Cue one of the "she didn't leave me alone, she didn't leave you alone" speeches where the main tries to appeal to the villains better nature. Cue probably murder, I'm not actually sure since all the residents of the realms apparently started out as toys anyway. Cue the supposed heartfelt goodbye between the nutcracker and Clara. Cue Clara going back to the party and acting like nothing happened in what looks like its supposed to be a tongue-and-cheek way with her godfather who OBVIOUSLY knows that that magic world is a thing, but doesn't mention it. Cue an apology to the father and admitting that they both miss the dead mother, because of course there's a dead mother, it's a Disney film. Cue owl we don't know anything about flying away ala Labyrinth ending. The end.

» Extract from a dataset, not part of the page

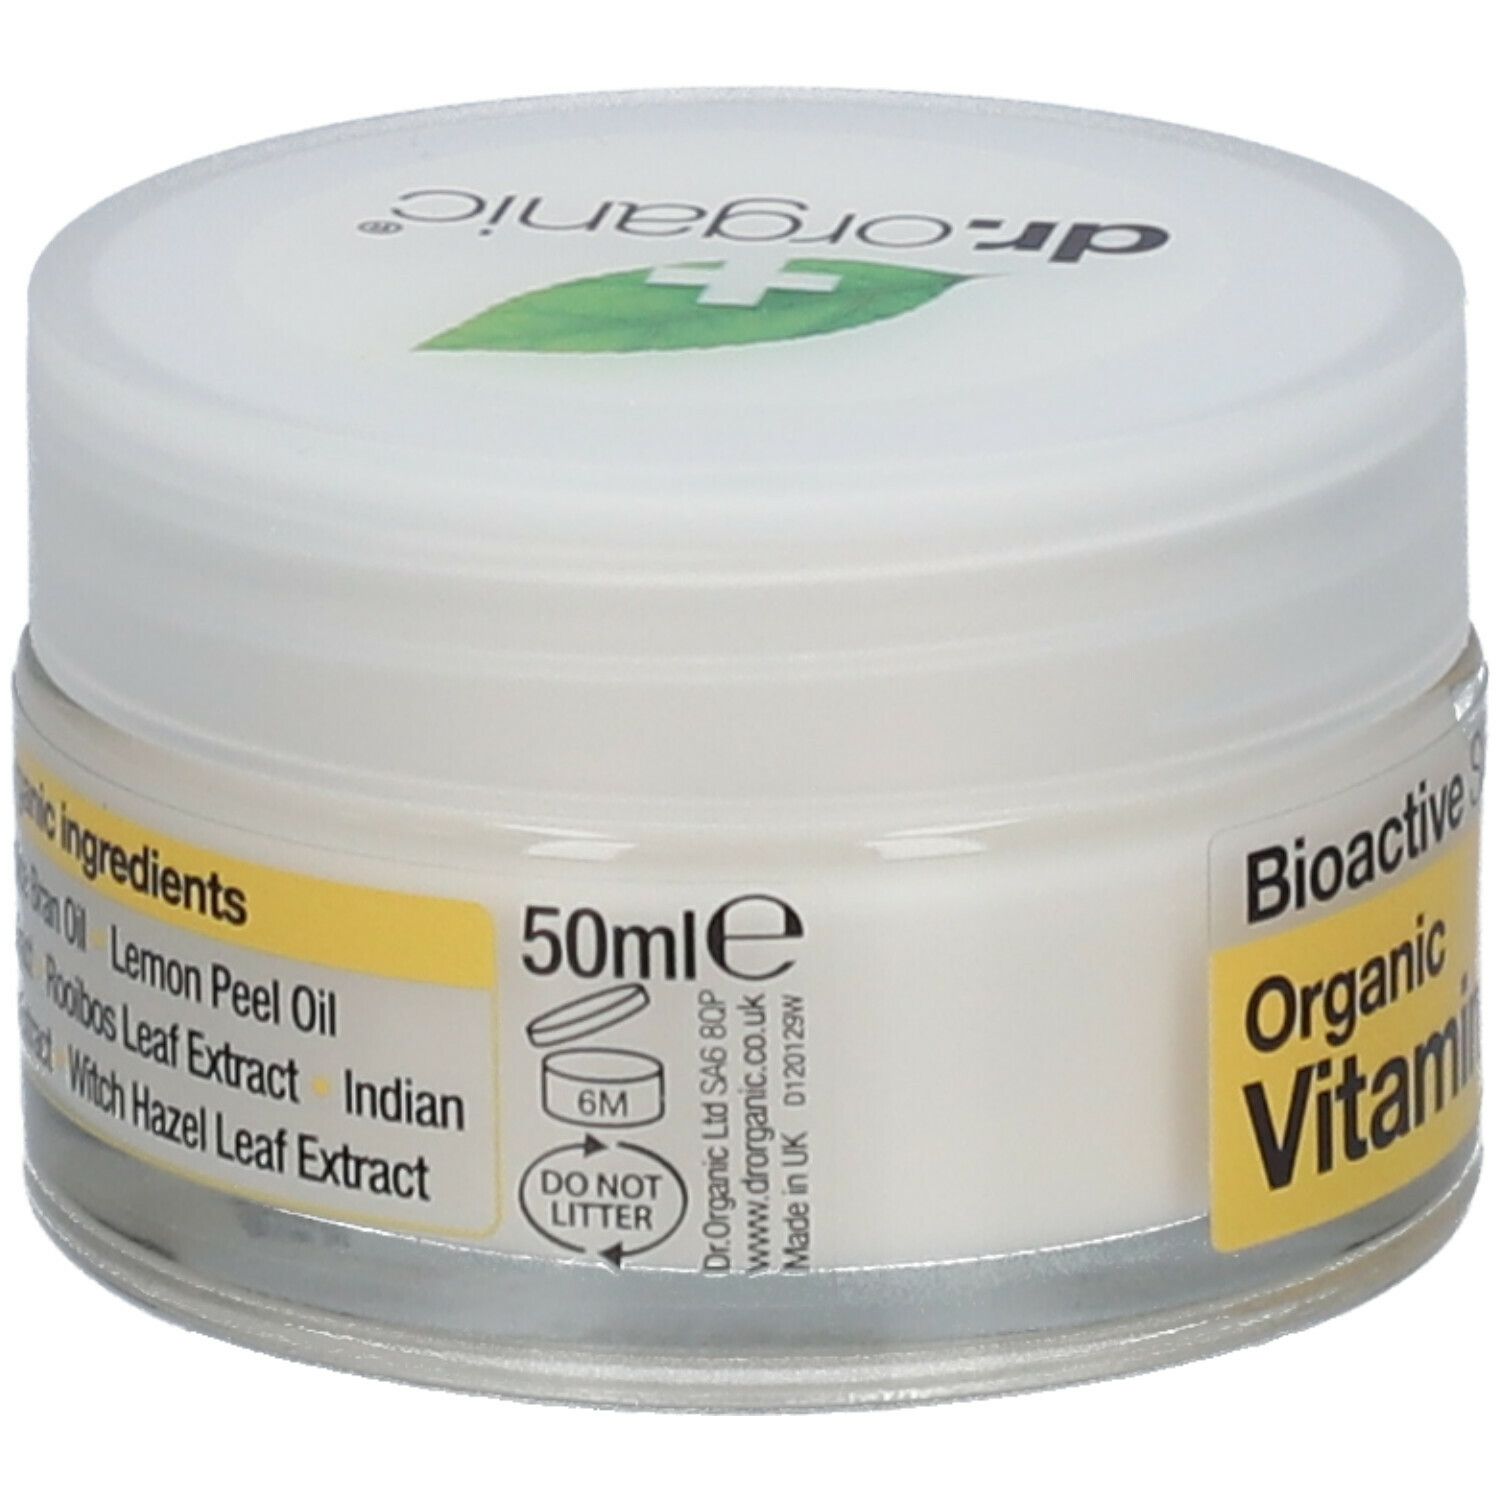 Dr. Organic® Vitamin E Cream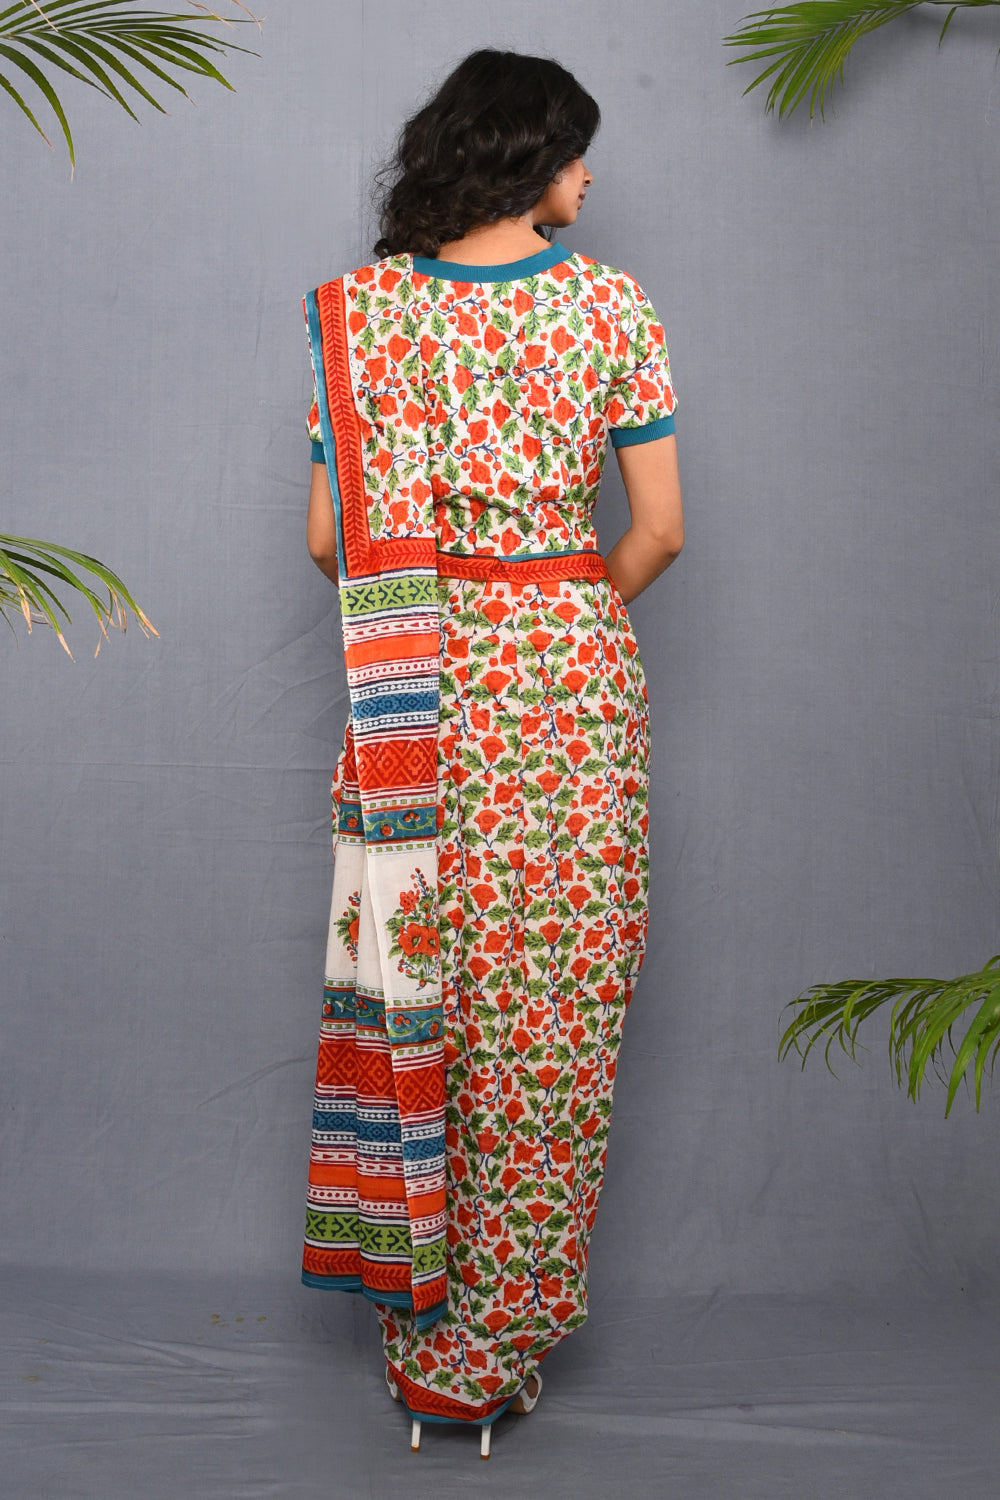 Block Printed T-shirt Saree Dress as seen on Aahana Kumra

It was all very... underwhelming. Like, I appreciated what it was attempting to be, and I really appreciated the CGI more that I have in any of their other recent live action anythings, but it just didn't work for me. Like I said, it felt like it was trying to hard to be something else, to the point in which it doesn't feel like it even has an identity as Disney's Nutcracker. That coulee been something, "Disney's the Nutcracker", but honestly it's so not its own thing that I forgot it was even a thing for a whole year, it didn't have anything that drew me in, it didn't have anything that originally made me even want to see it (I remember seeing the trailers while I was still recovering from BatB and even then I could tell because it marketed itself as "from the makers of Beauty and the Beast"), the only reason I even put it on was because I'm working on another project and I was curious about different adaptations of the story. Its not the worst offender Disney's put on their team, not by a long long shot, and it is mostly harmless - to the point of boredom - but I don't know if I'll ever go back it.